Despite the robust predictive power of HIFs alone, we emphasize the importance of multi-omics integration for comprehensive patient profiling. While the HIF + G model did not significantly outperform the HIF model alone, the incorporation of transcriptomic and proteomic data substantially improved the accuracy of our prognostic models. This suggests that multi-omics integration holds promise for enhancing model generalizability and robustness across diverse patient populations. Further optimization of feature selection and model refinement will be necessary to fully leverage the potential of multi-omics data.
Through SVM-RFE and LASSO-Cox regression machine learning algorithms, we identified three prognostic histopathological image features (PHIF) concerning cell morphology and texture. We also explored the upstream molecular mechanisms of these features by identifying relevant gene co-expression modules via weighted gene co-expression network analysis (WGCNA). Enrichment analysis of the red and turquoise gene modules demonstrated significant prognostic association with molecular pathways mainly involved in immune response, cell morphogenesis involved in differentiation, development and regulation of central nervous system function. For instance, leukocyte cell adhesion plays a crucial role in the progression and resolution of innate immunity (63). Myeloid leucocyte activation reveals exposure to activating factors and has been regarded as one of the major forces in immunosuppression in tumor progression (64). The genes enriched in cell morphogenesis related pathways might suggest the association with tumor angiogenesis and cell adhesion. In addition, regulation of neuron differentiation, trans-synaptic signaling and gliogenesis also suggest a close connection with biological processes in GBM development (65–67). The results may offer an opportunity to comprehend the association of histopathological image features and the upstream mechanisms of the oncogenesis and progression of GBM.
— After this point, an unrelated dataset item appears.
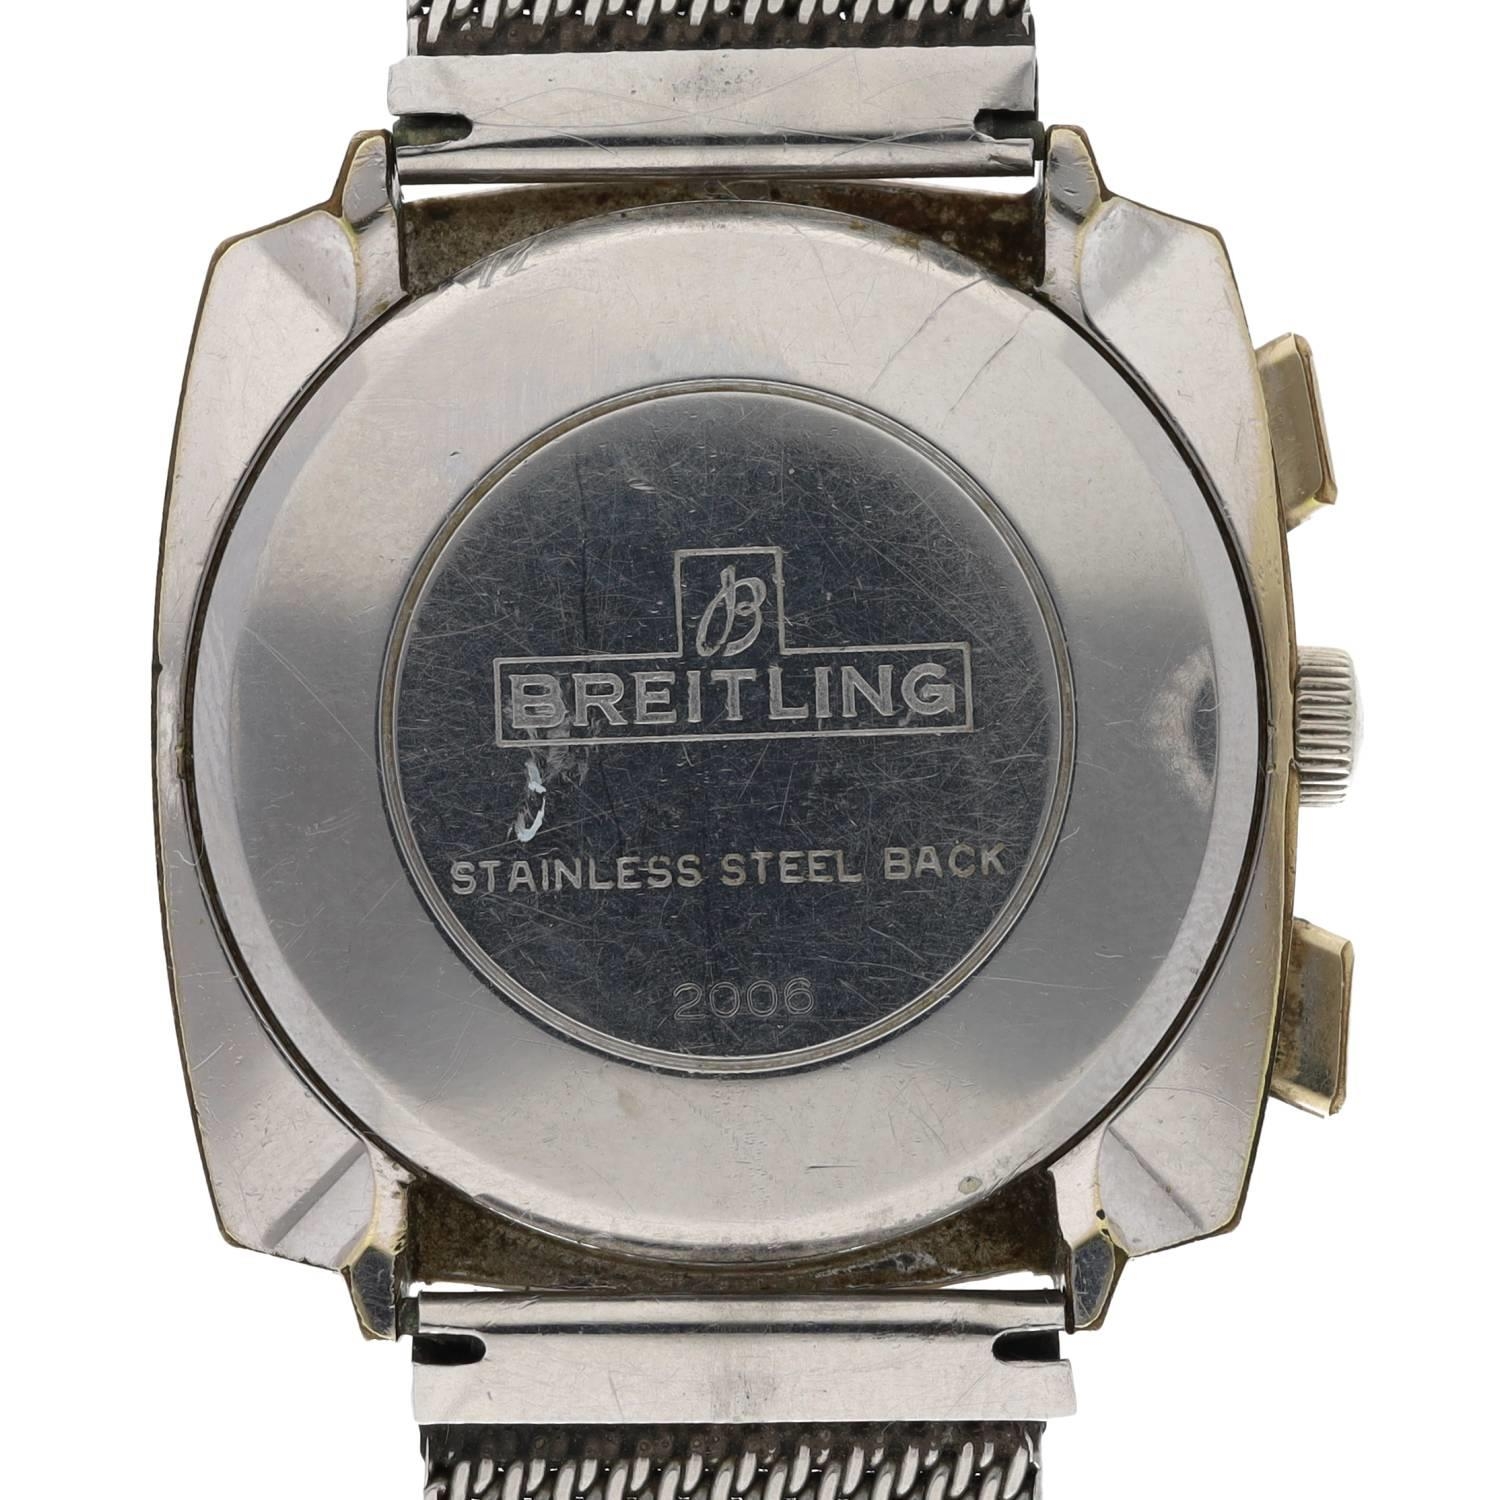 Breitling Top Time Chronograph gentleman's wristwatch, reference 2006, serial no. 1133xxx, circa - Image 2 of 2

In conclusion, this study demonstrated the potential of histopathological image features in predicting molecular characteristics and classifying molecular subtypes. By integrating histopathological image features with multi-omics data, we developed comprehensive prognostic models and subsequently analyzed the associated upstream biological processes. The integrative multi-omics model has the potential to enhance prediction performance for OS with greater accuracy and robustness, thereby contributing to risk stratification, prognostic evaluation, and personalized treatment strategies for GBM patients.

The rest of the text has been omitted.